The one exception is when the victim’s presence is necessary to give evidence in criminal proceedings. But even then, the Bill makes the Home Secretary presume that a victim’s presence is not needed for that purpose.
Between 2018 and 2022, only 7 per cent of people who arrived via small boats were referred as potential victims of trafficking. Of that number, 85 per cent successfully proved that they were victims. As such, this is a policy that consciously denies victims protection and puts them in danger. As the Council of Europe has argued, being returned to their country will put victims at risk of being re-trafficked, facing revenge attacks by their kidnappers, and rejection by their family or community, especially where there has been sexual exploitation.
Unfair decisions and appeals
Further, the Bill creates an unfair system of decision-making and appeals, which disregards basic natural justice. The only way for refugees and trafficking victims to avoid removal is by making what the Bill calls a “suspensive claim”. These must be made within 8 days of being informed of removal and the person must provide “compelling evidence” that they will suffer “serious and irreversible harm” by being removed. After that, the Home Office has only 4 days to consider that evidence.
If there is an appeal, from start to finish the parties have only 23 days to put together their case, argue it before the court – called the Upper Tribunal – and have the Tribunal reach a judgment. In almost all cases, there is no possibility of extension and the Upper Tribunal’s decision is final.
A rushed court decision which follows a rushed Home Office decision is the last word on people’s lives and safety.
The Government has plucked these numbers from thin air. There is no evidence that the Home Office can deal with complex evidence in 4 days. Caseworkers regularly take more than 6 months for decisions. More likely is poor quality, inaccurate, identikit decisions that fail to engage with individual risks and circumstances, through no fault of the judges and caseworkers involved.

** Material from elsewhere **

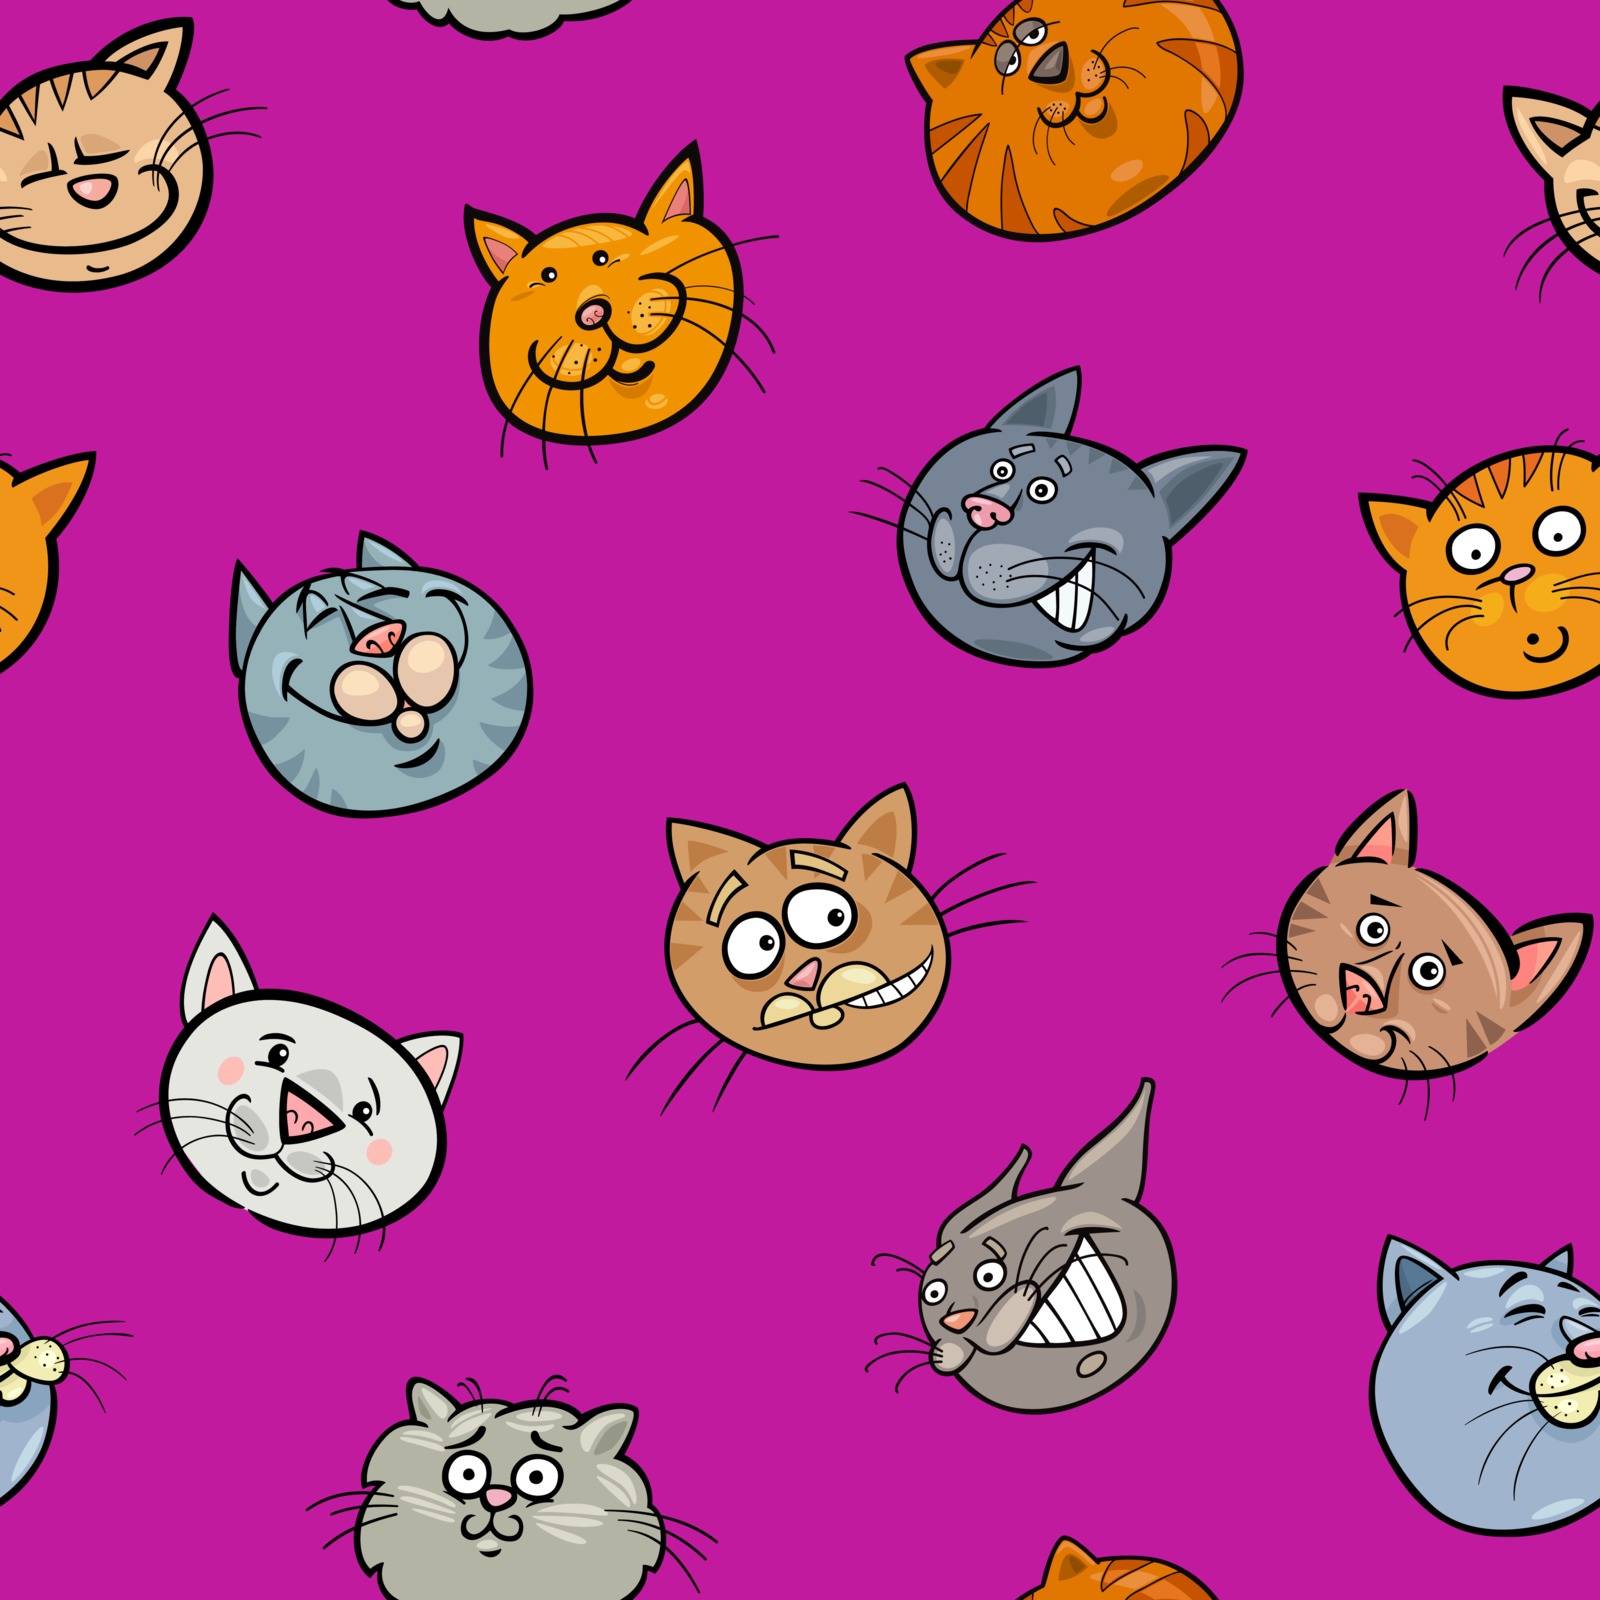 cartoon wallpaper with cats by izakowski

Challenging immigration exceptionalism
The disregard of procedural fairness, the hollowing out of judicial supervision, the regular granting of extraordinary coercive power to ministers, the total abolition of legal protections, regulating the minutiae of judicial processes to favour the state, would rarely be tolerated in any other area – especially when all done at the same time to the same group of people. But all are made acceptable – because they are done in the name of immigration restrictions.
Fortunately, an increasingly diverse range of political voices are challenging this immigration exceptionalism. The Adam Smith Institute, for example, has been strong in arguing for a more humane and moral outlook towards migrants.

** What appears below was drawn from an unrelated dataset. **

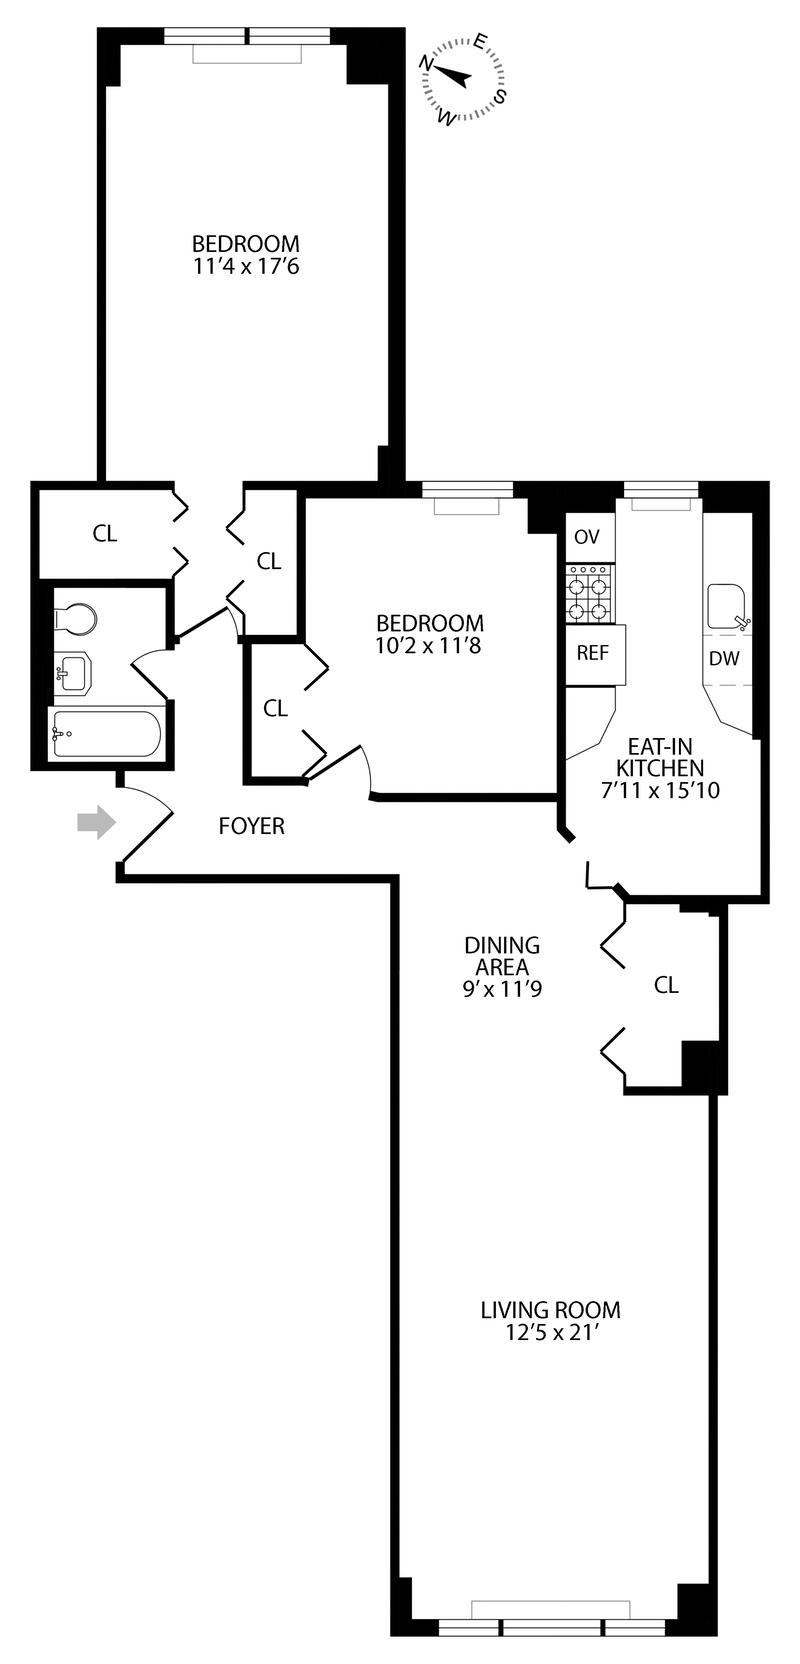 Floorplan for 1655 Flatbush Ave, A1402

As others have argued – including on this blog – this Bill will not stop the boats. Domestic policy has only a modest effect on refugee flows. People flee to where they think they can most easily build a temporary base – because of shared language or family connections – in the hope of returning home when their country is safe. In any event, the UK is 16th on the list of European countries in terms of asylum applications – below average.
Instead, the Bill will create a long-term population of detained refugees and trafficking victims, because the Government does not have enough safe countries to remove people to. Banned from having their applications processed, never able to receive leave to remain or citizenship, and banned from working, the Refugee Council estimates that the Bill will cost £9.6bn in detention or accommodation expenses alone in the first three years.
The Illegal Migration Bill typifies the regressive view that the more powerful, intrusive and coercive the state’s immigration apparatus, the more wilfully it disregards basic due process and human rights, the more effective it is. That is rarely true – and there is scant evidence that it will turn out to be true for this Bill.